Thank you in advance
What do you have to bin and how many bins do think you'll need? A brief description of input data and desired output is helpful.
well i have lets say two continuous variables against a binary response, number of bins optimal in accordance with what i have, although i prefer lets say max 4 or 5 so i able to control the estimate signs in the regression later on
If you know the ranges of interest in the continuous variables I would recommend a custom format for each variable. Most of the analysis procedures will use the formatted value either by default or can be set to use the format.
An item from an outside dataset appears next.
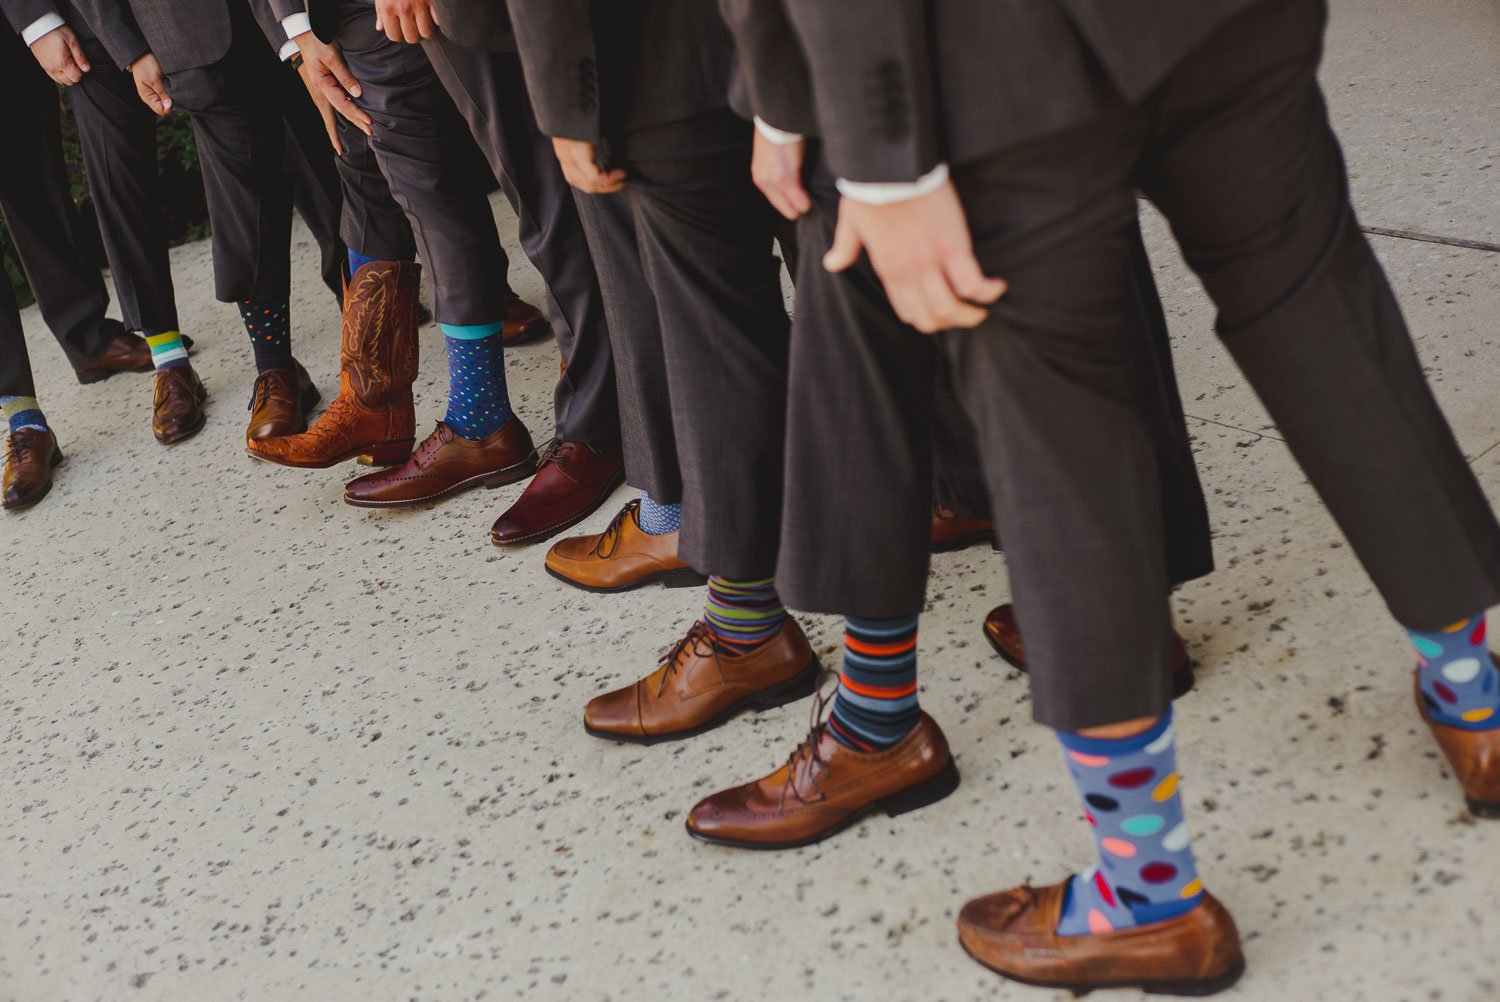 Groomsmen show socks during group photo session at -Paniolo Ranch Wedding Reception-Philip Thomas

If the ranges don't work quite the way you want then you just change the format definition and don't have to create new variables.
There's also the question of why bin entirely, rather than use the continuous variable?
If your in eMiner, consider running a tree and seeing where the cutoff's occur for those variables.
unfortunately i am not in EM otherwise i would use interactive binning to define myself based on event rate and gini, in general binning is preferable to handle rare levels and missing as well as outliers. Besides the relationship between the continuous and target is not always linear so it would lead to instable model cause the effects wouldnt be captured
yes i guess thats what optimal binning would do so yes i am looking for the cut off values for creating bins that would give me the highest gini ratio.
I was just wondering if there was any tested way in code so i could try out instead of depending on some descriptives and if then else clauses.
Basically thats what i need cause i can calcultate the gini myself once i have the groups formed.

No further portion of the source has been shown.